本仓库包含一个基于T5-Base的微调文本改写模型，该模型拥有2.23亿个参数。此模型能够有效改写文本，为用户提供高质量的释义内容。

✨ 主要特性

基于T5-Base微调：借助预训练的文本到文本转换模型的强大能力，实现高效的释义功能。
大型数据集（43万个示例）：在综合数据集上进行训练，该数据集整合了三个开源数据源，并采用多种技术进行清理，以确保最佳性能。
高质量释义：生成的释义能够显著改变句子结构，同时保持准确性和事实正确性。
不易被AI检测：旨在生成自然的释义，使其与人类撰写的文本难以区分。

模型性能：

训练损失：1.0645
验证损失：0.8761

📦 安装指南

文档未提及具体安装步骤，暂不展示。

💻 使用示例

基础用法

T5模型需要一个与任务相关的前缀，因为这是一个释义任务，我们将添加前缀 "paraphraser: "。

from transformers import AutoTokenizer, AutoModelForSeq2SeqLM
import torch

device = torch.device("cuda" if torch.cuda.is_available() else "cpu")
tokenizer = AutoTokenizer.from_pretrained("Ateeqq/Text-Rewriter-Paraphraser")
model = AutoModelForSeq2SeqLM.from_pretrained("Ateeqq/Text-Rewriter-Paraphraser").to(device)

def generate_title(text):
    input_ids = tokenizer(f'paraphraser: {text}', return_tensors="pt", padding="longest", truncation=True, max_length=64).input_ids.to(device)
    outputs = model.generate(
        input_ids,
        num_beams=4,
        num_beam_groups=4,
        num_return_sequences=4,
        repetition_penalty=10.0,
        diversity_penalty=3.0,
        no_repeat_ngram_size=2,
        temperature=0.8,
        max_length=64
    )
    return tokenizer.batch_decode(outputs, skip_special_tokens=True)

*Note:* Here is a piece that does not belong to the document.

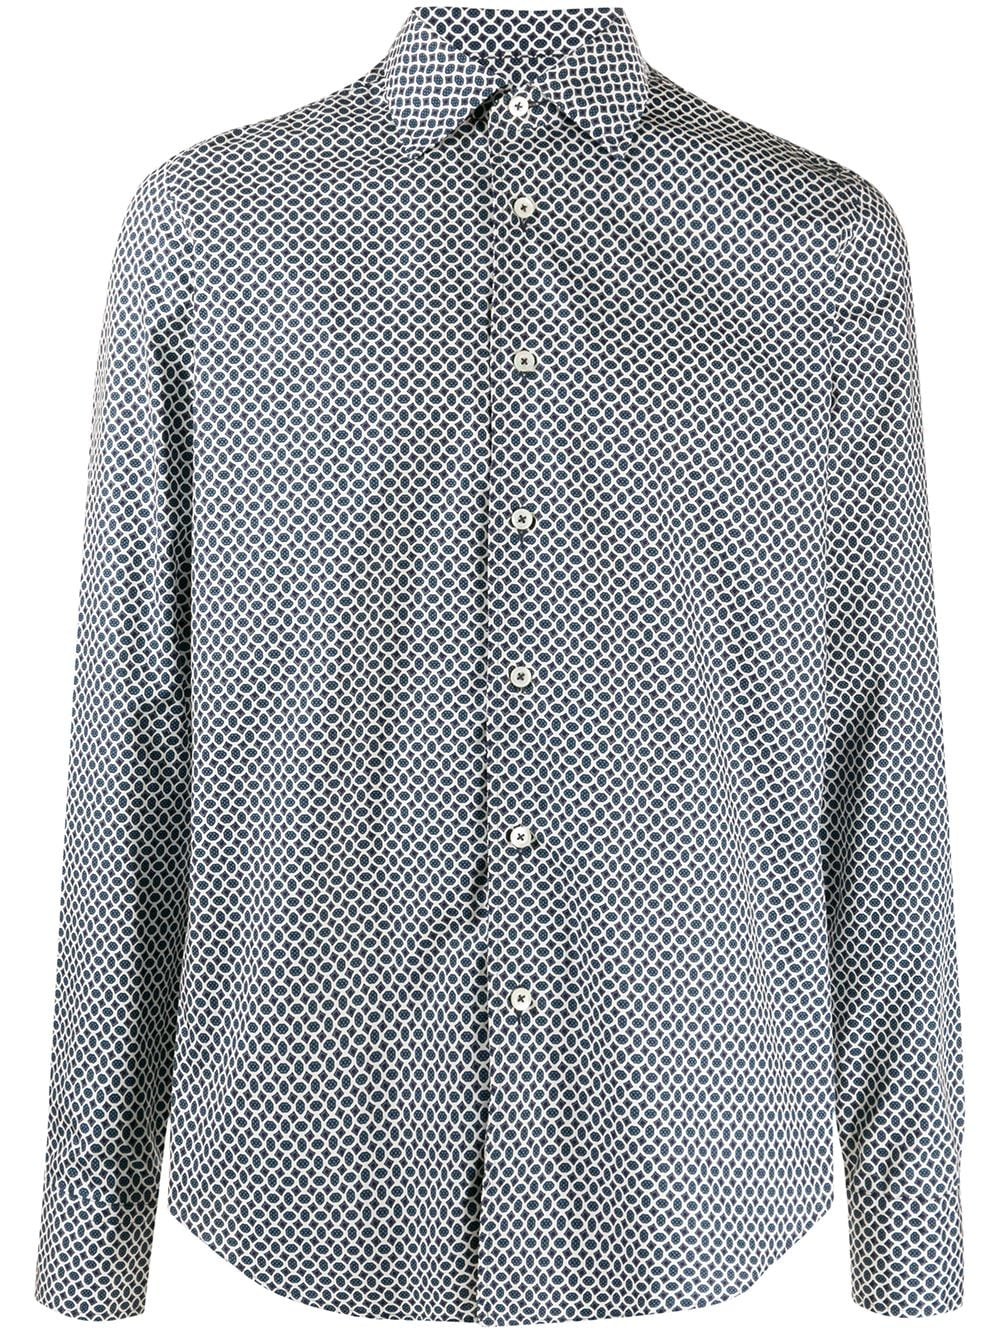 Dell'oglio Overhemd met geometrische print – Blauw

text = 'By leveraging prior model training through transfer learning, fine-tuning can reduce the amount of expensive computing power and labeled data needed to obtain large models tailored to niche use cases and business needs.'
generate_title(text)

输出示例

 ['The fine-tuning can reduce the amount of expensive computing power and labeled data required to obtain large models adapted for niche use cases and business needs by using prior model training through transfer learning.',
 'fine-tuning, by utilizing prior model training through transfer learning, can reduce the amount of expensive computing power and labeled data required to obtain large models tailored for niche use cases and business needs.',
 'Fine-tunering by using prior model training through transfer learning can reduce the amount of expensive computing power and labeled data required to obtain large models adapted for niche use cases and business needs.',
 'Using transfer learning to use prior model training, fine-tuning can reduce the amount of expensive computing power and labeled data required for large models that are suitable in niche usage cases or businesses.']

📚 详细文档

推理参数

属性	详情
束搜索数量 (`num_beams`)	3
束搜索组数量 (`num_beam_groups`)	3
返回序列数量 (`num_return_sequences`)	1
重复惩罚 (`repetition_penalty`)	3
多样性惩罚 (`diversity_penalty`)	3.01
无重复n-gram大小 (`no_repeat_ngram_size`)	2
温度 (`temperature`)	0.8
最大长度 (`max_length`)	64

示例文本

示例标题	文本内容
AWS课程	paraphraser: Learn to build generative AI applications with an expert AWS instructor with the 2-day Developing Generative AI Applications on AWS course.
生成式AI	paraphraser: In healthcare, Generative AI can help generate synthetic medical data to train machine learning models, develop new drug candidates, and design clinical trials.
微调	paraphraser: By leveraging prior model training through transfer learning, fine-tuning can reduce the amount of expensive computing power and labeled data needed to obtain large models tailored to niche use cases and business needs.